Based on this and your previous post (were it does not seem you have read all the answers yet). What you are looking for is some form of synchronization point to prevent the main() thread from exiting the application (because when the main thread exits the application all the children thread die).

This is why you call join() all the time to prevent the main() thread from exiting until the thread has exited.
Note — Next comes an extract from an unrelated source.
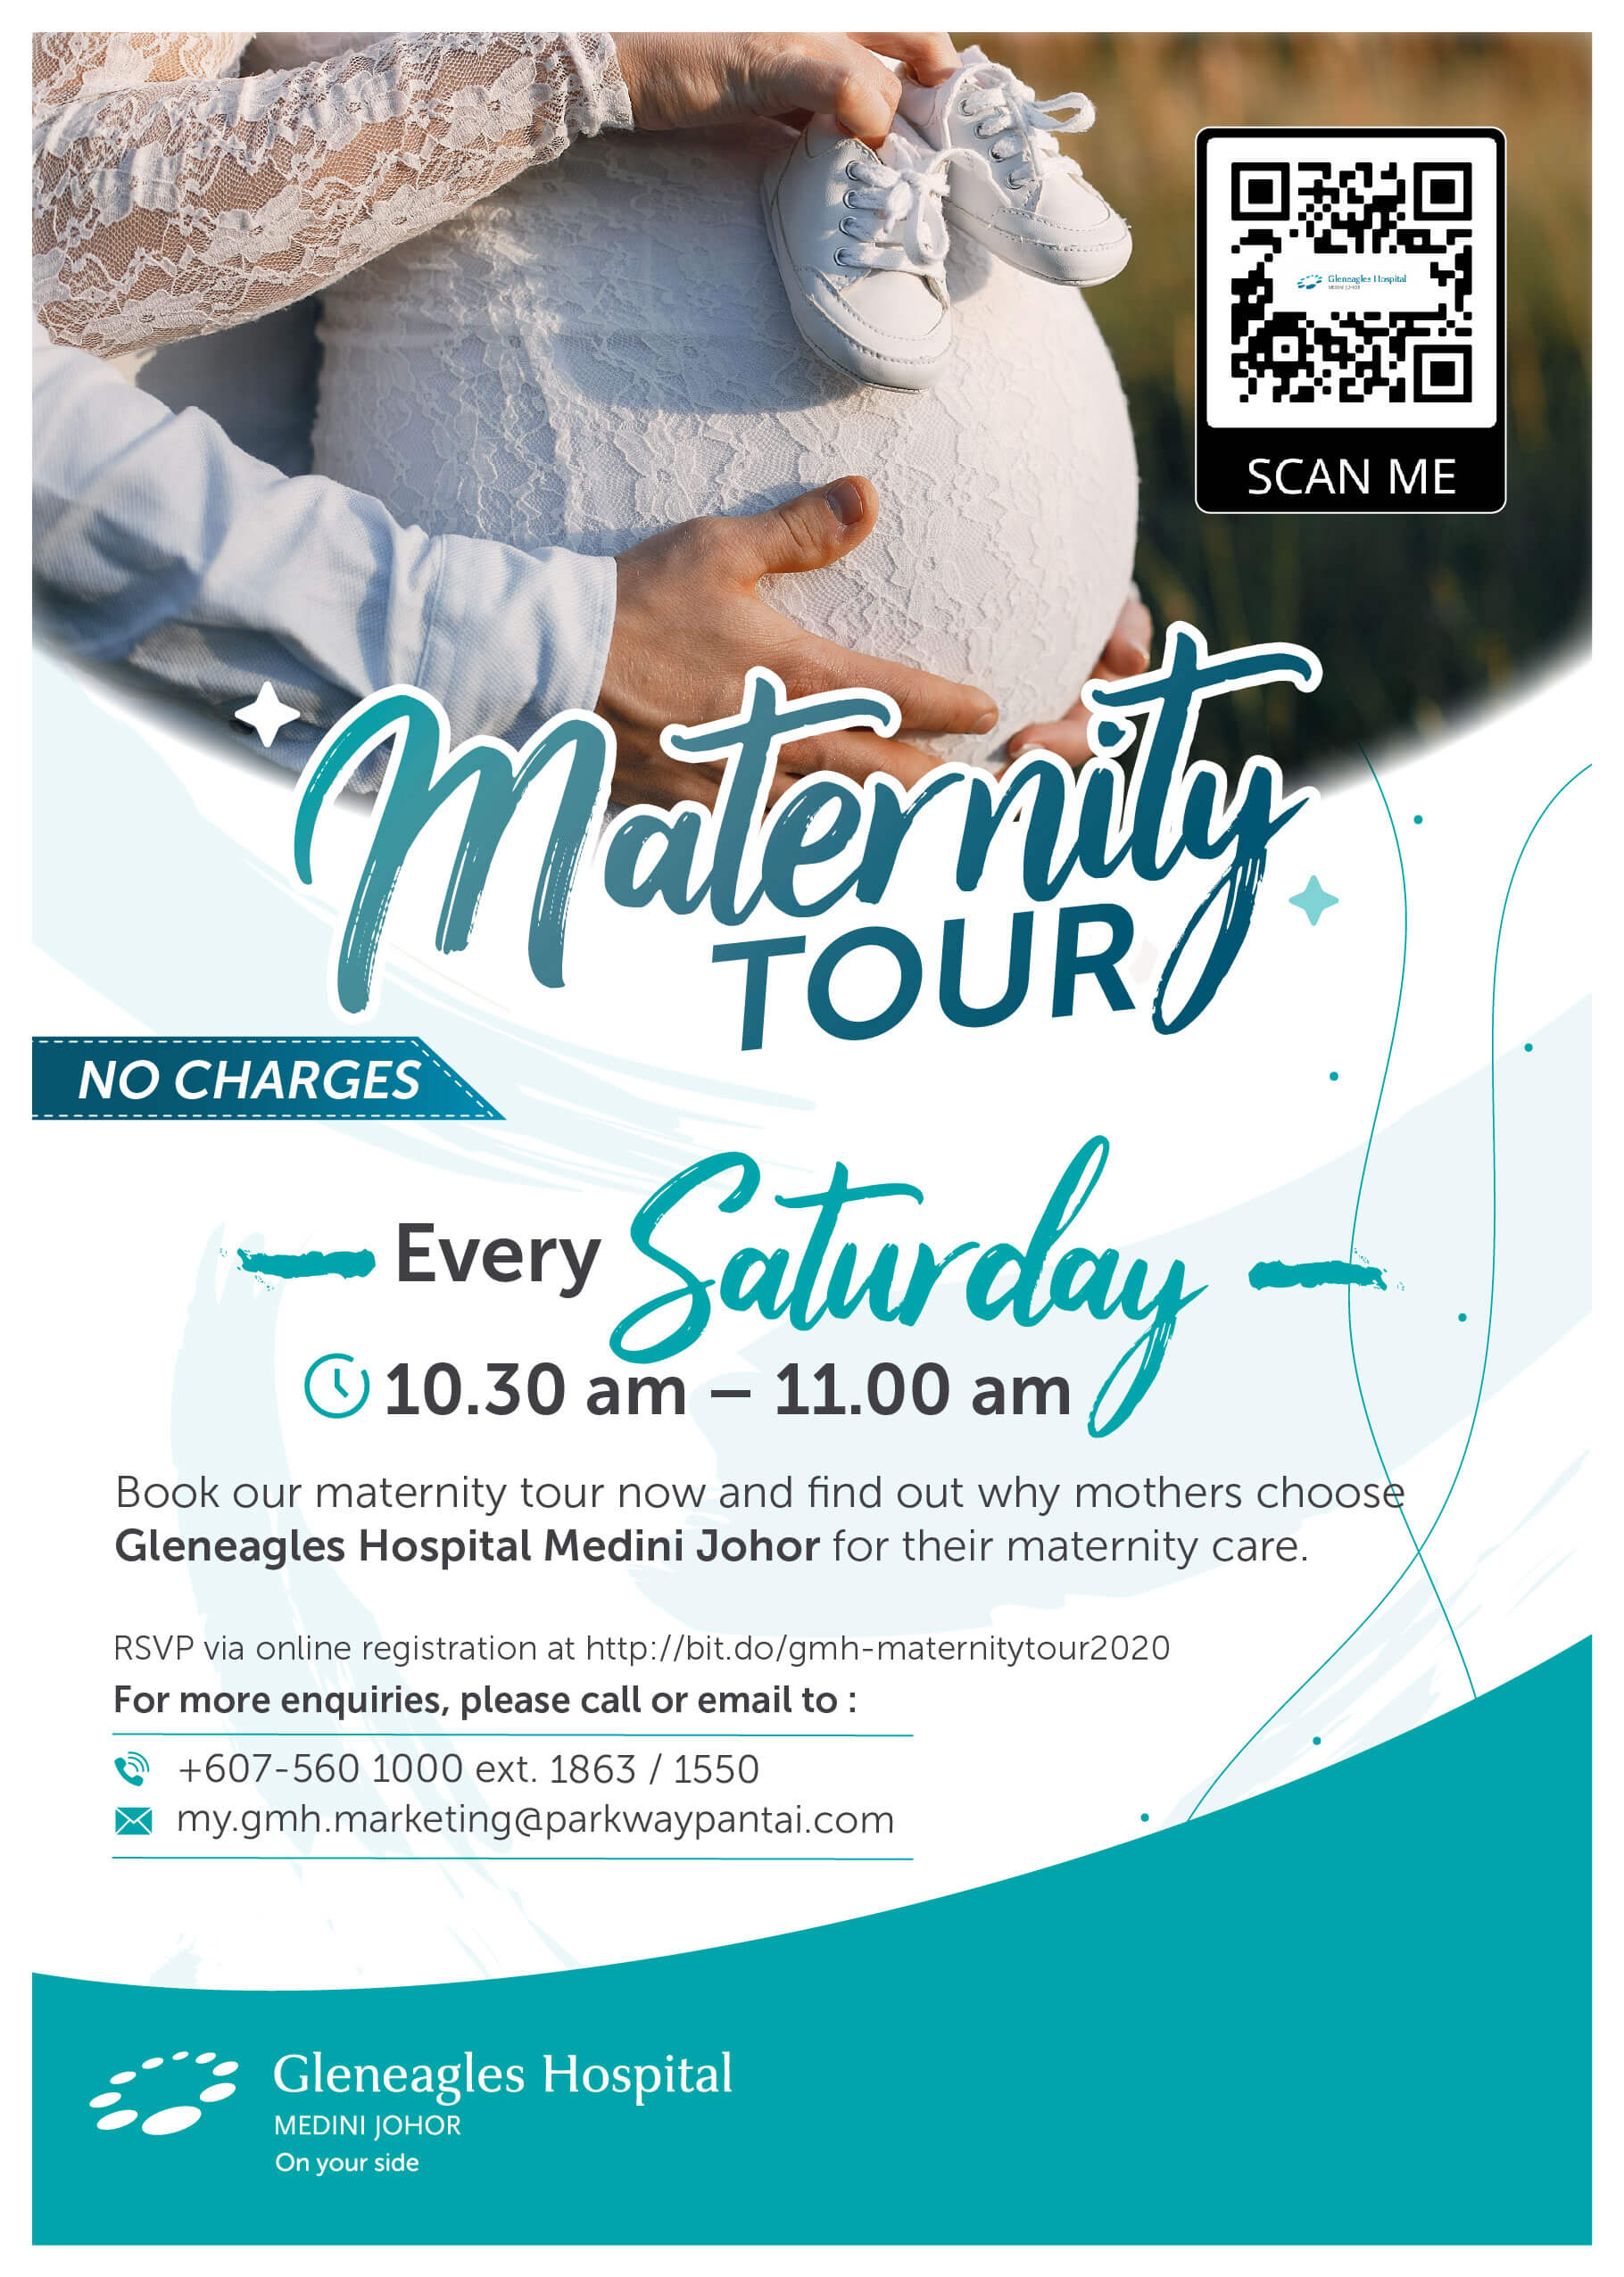 mater maternity tour

As a result of your usage though your loop of threads is not parallel and each thread is run in sequence to completion (so no real point in using the thread).

Note: join() like in Java waits for the thread to complete. It does not start the thread.

A quick look at the boost documentation suggests what you are looking for is a thread group which will allow you to wait for all threads in the group to complete before exiting.

//No compiler so this is untested.
// But it should look something like this.
// Note 2: I have not used boost::threads much.
int main()
{
    boost::thread_group               group;

    boost::ptr_vector<boost::thread>  threads;

    for(int loop = 0; loop < 100; ++loop)
    {
        // Create an object.
        // With the function to make it start. Store the thread in a vector
        threads.push_back(new boost::thread(<Function To Call>));

        // Add the thread to the group.
        group.add(threads.back());
    }

    // Make sure main does not exit before all the threads have completed.
    group.join_all();
}

If we go back to your example and retrofit your Soldier class:

int main()
{
  boost::thread batallion;

  // Make all the soldiers part of a group.
  // When you start the thread make the thread join the group.
  Soldier s1(batallion);
  Soldier s2(batallion);
  Soldier s3(batallion);

  s1.start(20);
  s2.start(30);
  s3.start(40);

  // Create 100 soldiers outside the loo
  std::vector<Soldier>  lotsOfSoldiers;
  lotsOfSoldiers.reserve(100);  // to prevent reallocation in the loop.
                                // Because you are using objects we need to 
                                // prevent copying of them after the thread starts.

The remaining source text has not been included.